# Icone iCal sur une autre application



## Stegue (5 Décembre 2010)

Bonjour,

Suite à de nombreux problèmes  de synchronisation entre iCal et Google Agenda, j'ai décidé de transformer ce dernier en application avec Fluid. (ce qui me permet d'ouvrir l'agenda Google sans me déconnecter d'un autre compte Gmail que j'utilise) Et de me passer d'iCal.

Mais faut l'admettre, l'icone iCal avec la date du jour est trés pratique et esthétique.

Ma question est de savoir s'il y a un moyen d'avoir cette même icone sur mon application Google Agenda/Fluid.

Merci.


----------



## Fìx (5 Décembre 2010)

Oulà..... mettre l'icône d'iCal sur une autre appli est une chose, faire en sorte que les chiffres suivent en est une autre! :sick:

Ça doit marcher via un script intégré à iCal.... donc sûrement difficilement adaptable à un autre logiciel... 

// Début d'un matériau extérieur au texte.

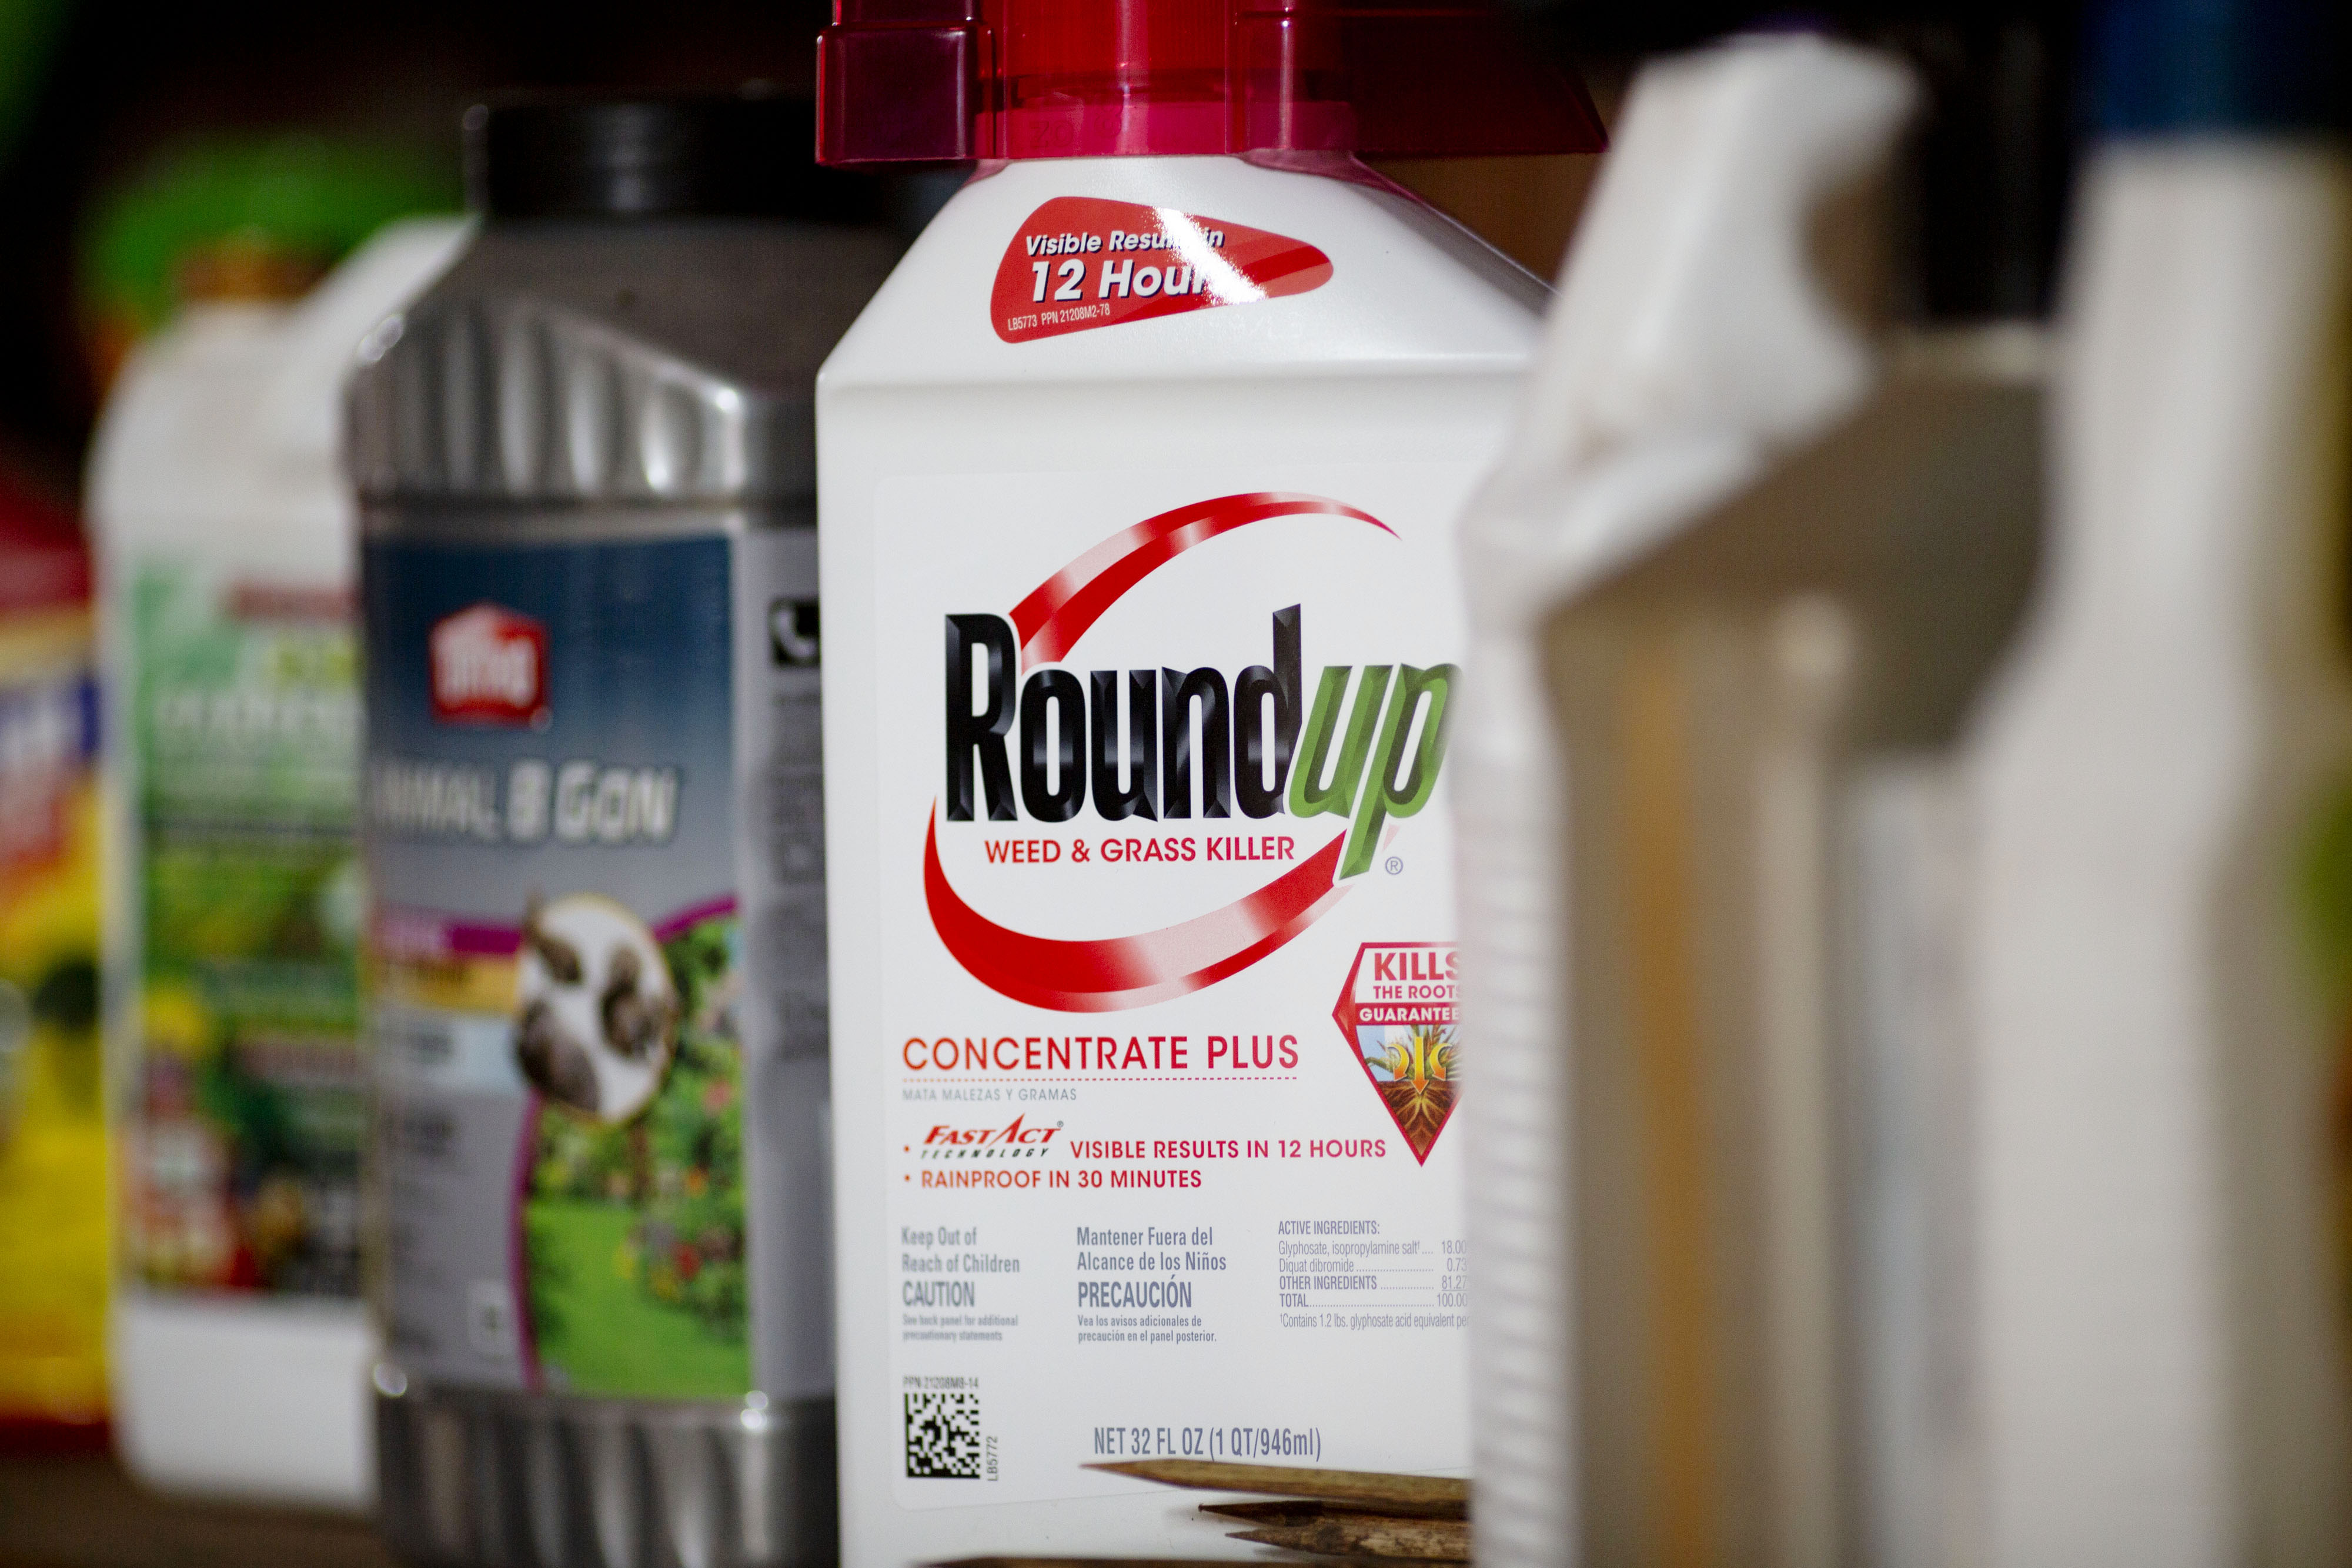 Bayer will stop selling Roundup for residential use in 2023, an effort to  prevent future cancer lawsuits

J'me demande si ça ne se passe pas de ce côté là :





Mais quoiqu'il en soit, tu t'apprêtes sûrement à t'aventurer dans quelque chose de très compliqué... :sick:


----------



## Stegue (5 Décembre 2010)

Argg !

Tant pis et merci.


----------



## Fìx (5 Décembre 2010)

J't'ai fait peur? 

J'ai pas dit que c'était impossible hein?! 


D'ailleurs, si t'as l'âme d'un bricoleur, une bonne sauvegarde (au cas où) et que tu maîtrises l'anglais... cette page a l'air de donner des pistes....

À voir...


----------



## Stegue (5 Décembre 2010)

Peur, je n'sais pas. Disons que je ne m'y connais pas assez pour ça.


----------